In this case, the government seeks to admit documentary evidence of the billing practices and history of Groysman's former employer in order to prove her knowledge of intent to defraud in her capacity with a subsequent employer. Put another way, the government seeks to establish that because invoices and claims were processed in a particular way at Fair Price, Groysman must have intended to process them in that same way while working for Leica and EGA. Even assuming the invoices and claims were processed identically in both alleged schemes, the government's position would amount to a separate trial to prove the earlier alleged scheme to have in fact been a scheme. Only then could a comparison be made between the two, and even then, there would first have to be testimony by Groysman that she didn't or couldn't understand the operation of the scheme alleged in this indictment. Moreover, the State Farm action was a civil case that did not result in a finding of liability as to either Fair Price or Groysman.

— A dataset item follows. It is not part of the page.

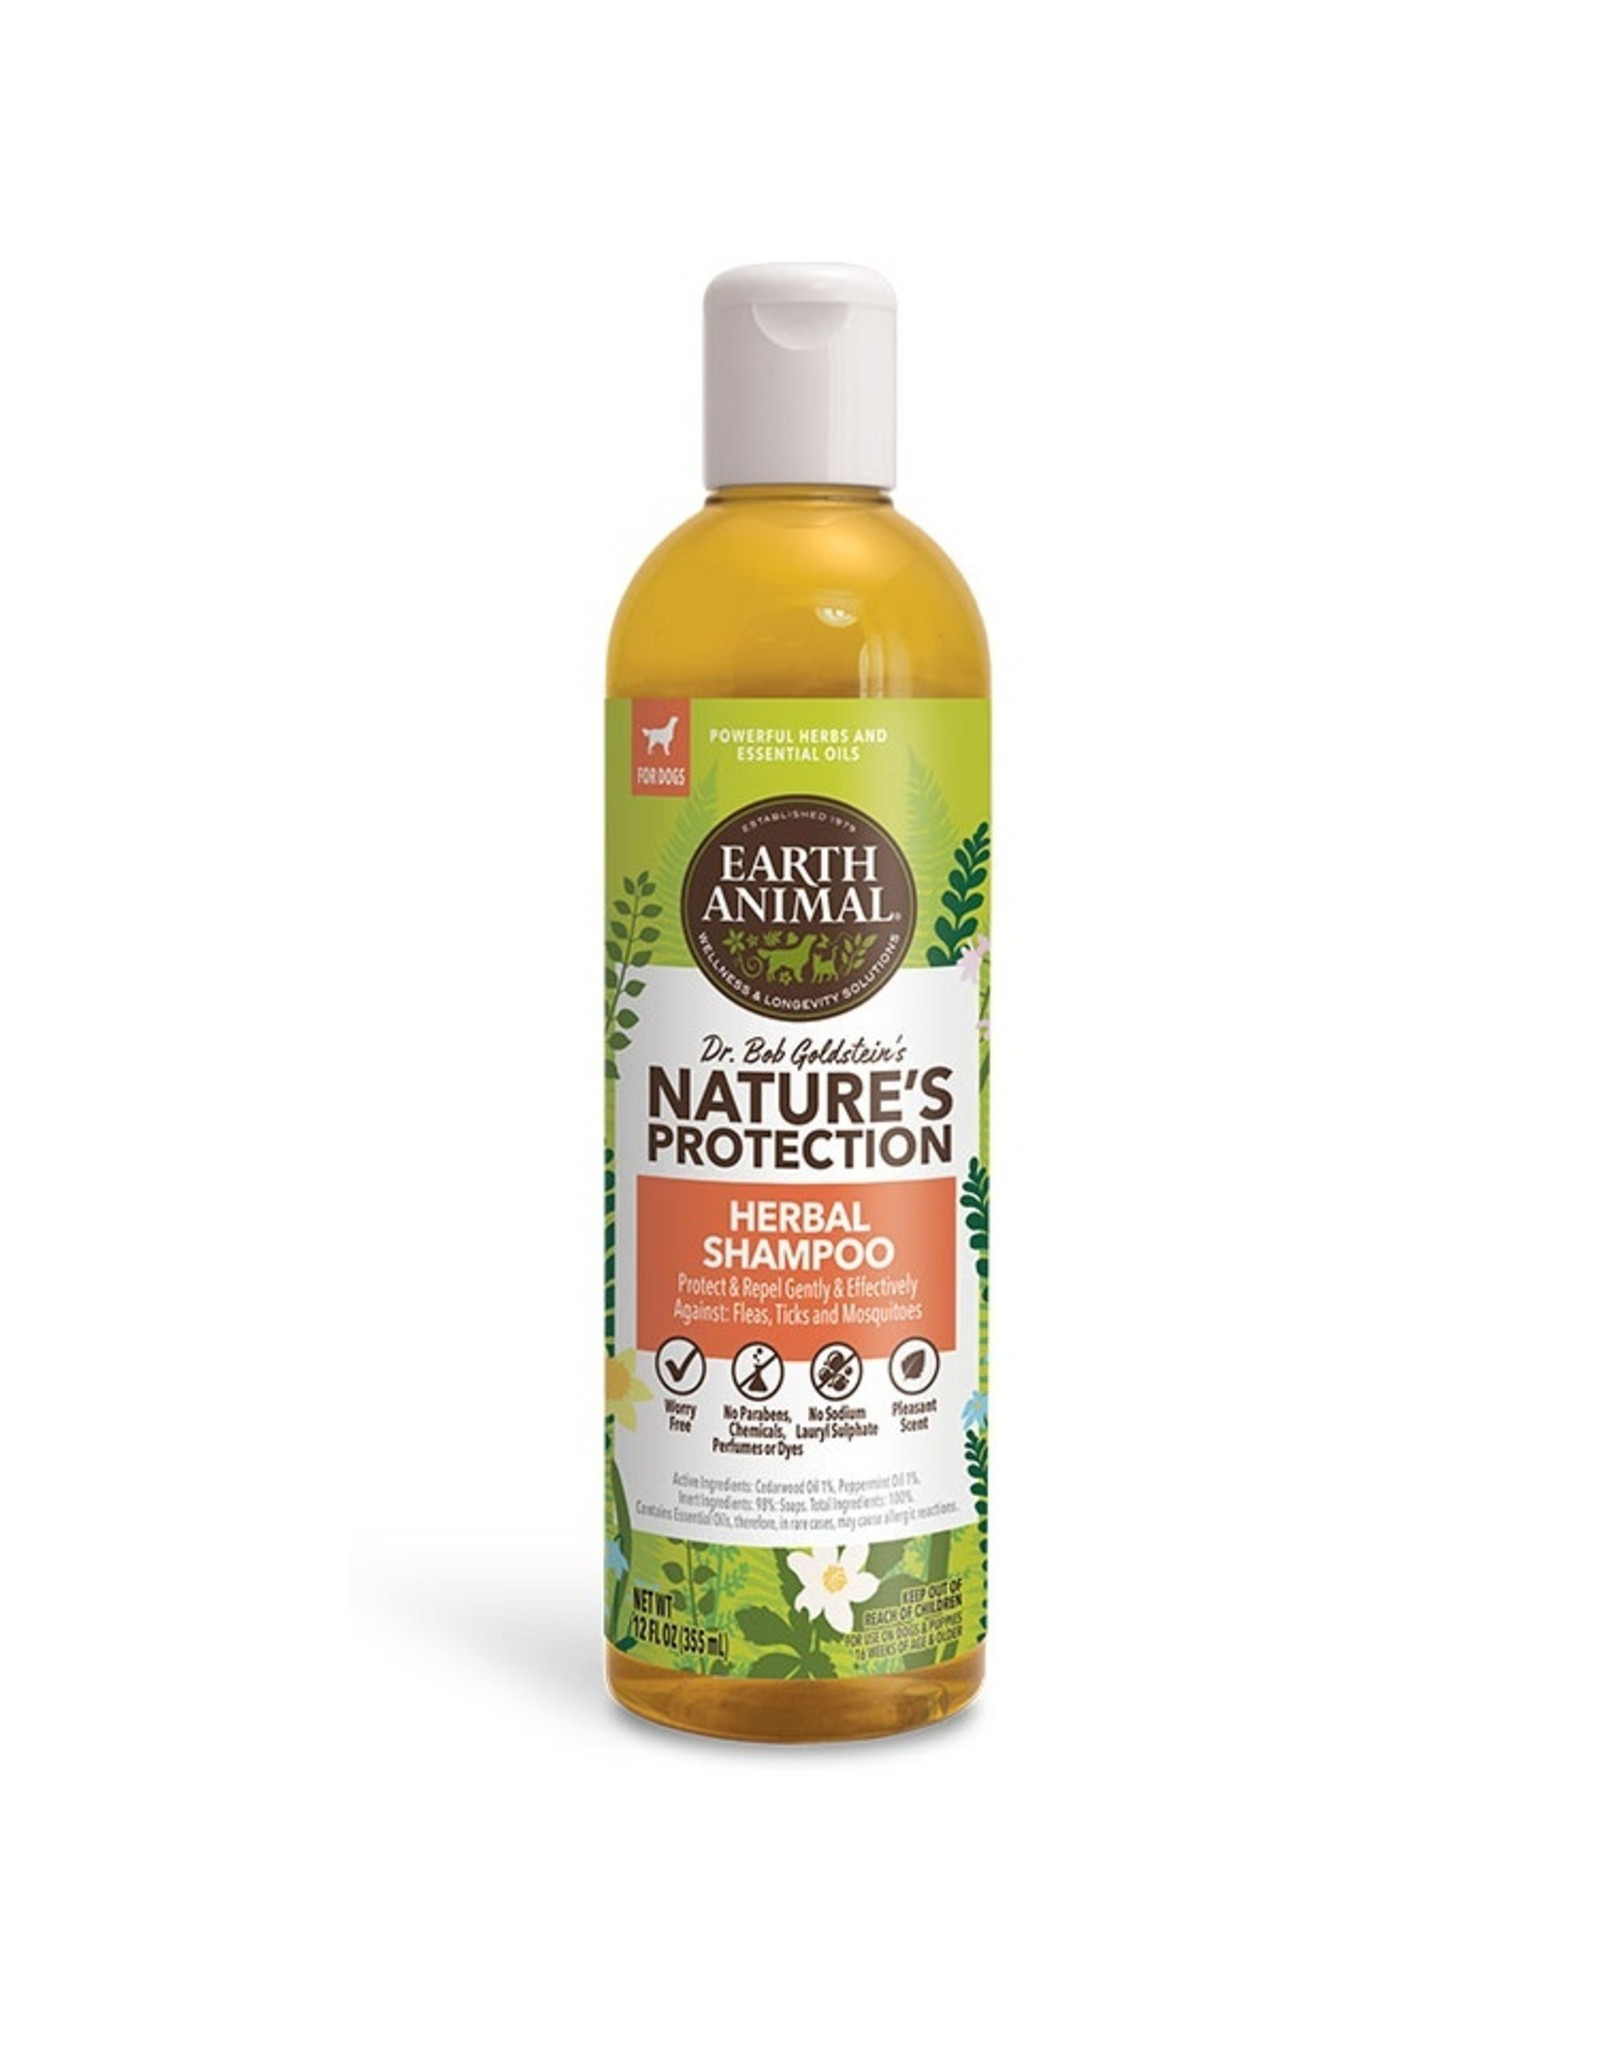 Earth Animal Earth Animal Herbal Shampoo 12oz

As a result, the government's motion to admit "co-conspirator" or documentary evidence about Fair Price in its case-in-chief is denied without prejudice. See United States v. Hatfield, 685 F.Supp.2d 320, 323 (E.D.N.Y. 2010) (Seybert, J.) (finding inadmissible alleged former scheme because "the alleged [former] scheme involved `separate, discrete incidents of alleged fraud or deceit,' not conduct that was `inextricably intertwined' with the Indictment's charges or necessary to complete the Indictment's story.") (citing United States v. Ferguson, 246 F.R.D. 107, 115 (D.Conn.2007)); see also United States v. Garcia, 291 F.3d 127, 137 (2d Cir. 2002) (explaining that "the government may not invoke Rule 404(b) and proceed to offer, carte blanche, any prior act of the defendant in the same category of crime," without identifying "a similarity or connection between the two acts that makes the prior act relevant to establishing knowledge of the current act"); United States v. De Villio, 983 F.2d 1185, 1195 (2d Cir. 1993) (finding error in district court ruling permitting instrumentalities of burglary to be admitted where crimes charged involve the unlawful transport of stolen goods and vehicles). Also denied is the government's motion to admit portions of the Fair Price complaint, as a complaint is merely an accusation and not a prior act for 404(b) purposes.

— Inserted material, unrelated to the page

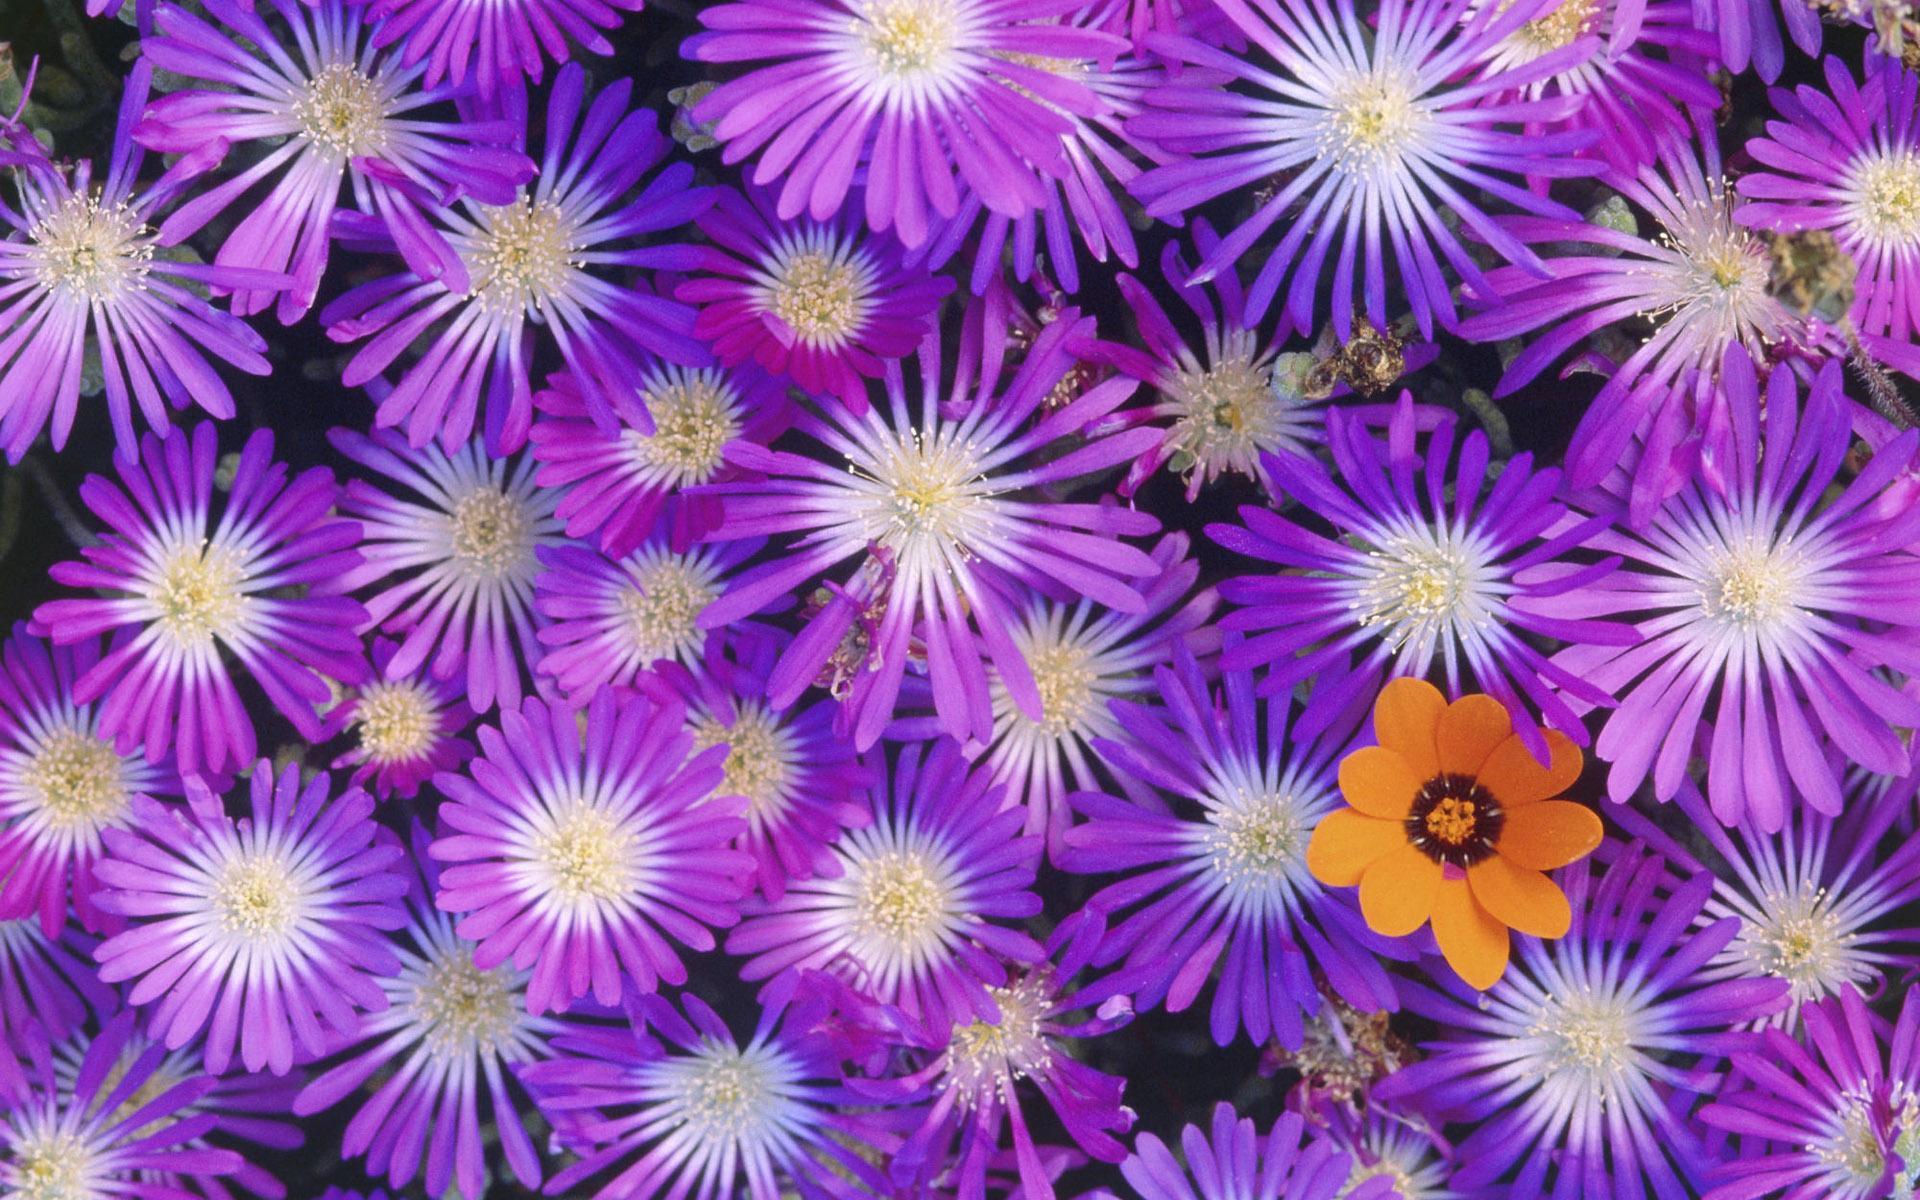 ... обои цветы букет красивых цветов 1920x1200: hq-wallpapers.ru/wallpapers/flowers/pic22614_raz1920x1200

On the other hand, Groysman's deposition is admissible as a party admission under Federal Rule 801(d)(2) to the extent that the testimony is relevant and seeks to impeach or contradict Groysman's testimony and/or to the extent she argues mistake or lack of knowledge. As to other possible uses of her prior testimony, the government's motion is denied without prejudice.

SO ORDERED.

FootNotes


1. Both Groysman and Fair Price settled the State Farm matter.